Financial dispute resolution 1

An FDR is a hearing to encourage the parties to reach a settlement.

The idea is that both parties put their best points to a judge.  If the judge feels able to do so, the judge considers the facts and says something like this:

"I’m not here to decide your case today, but if I was I think this is what I’d do, and this is why.  I think the Wife needs to stay in the home with the children at the moment, but that the Husband should have a share of the property.  If you don’t agree with my views then it is your right to go to a final hearing and another judge, not me, will decide the case for you.  It is right however, that I warn you that going to another hearing will mean a delay and will also cost you more in legal fees.  If you go to a final hearing you lose the ability to predict what will happen.  If you come to an agreement today however, you can take away that uncertainty.  The art of a good agreement is often finding a situation both parties can live with.  Perhaps both of you will leave court disgruntled, but with a situation you can bear."

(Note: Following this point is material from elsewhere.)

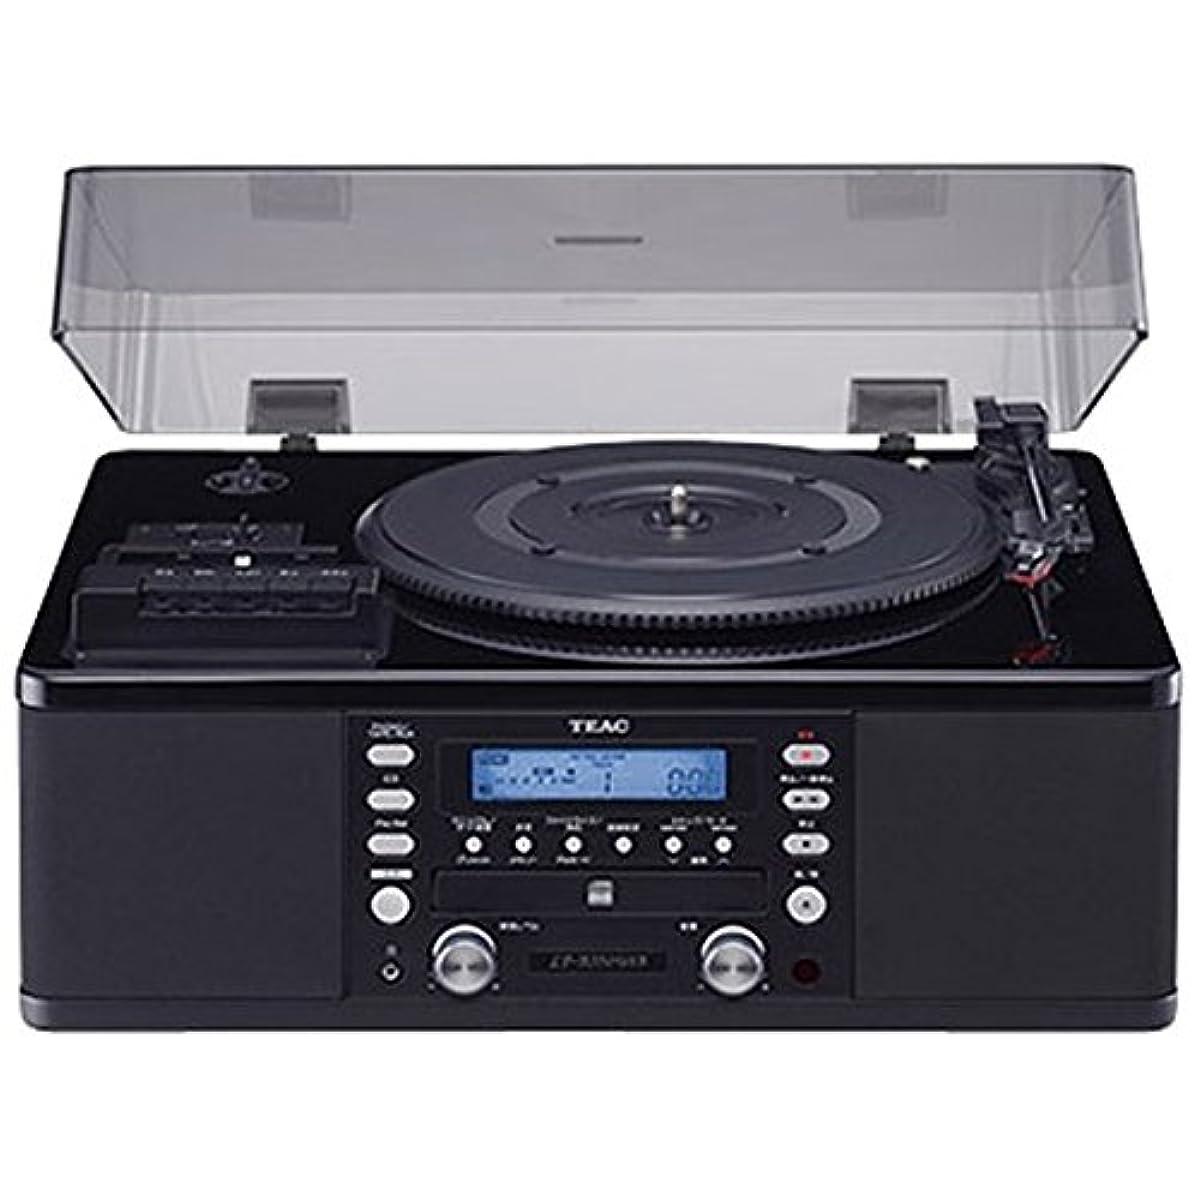 [해외] 티악(Teac)(TEAC) 턴 테이블/카세트 플레이어부CD레코더/레코드 플레이어 (피어노 블랙) LP-R550USB-P/PB

In theory the parties should then leave court and negotiate with the judge’s words “ringing in their ears”.

Very often the judge’s indication will be the first time the parties have heard the views of someone independent.

An advantage of an FDR appointment is that everything which is said there is without prejudice (except for the orders made).  Therefore the parties and the judge can speak openly in the knowledge that no one is allowed to repeat what was said at a future hearing. 

Whether the parties take into account what the judge says will depend upon:

  • Whether what the judge said accorded with their views; and,
  • Whether the parties view the judge as authoritative.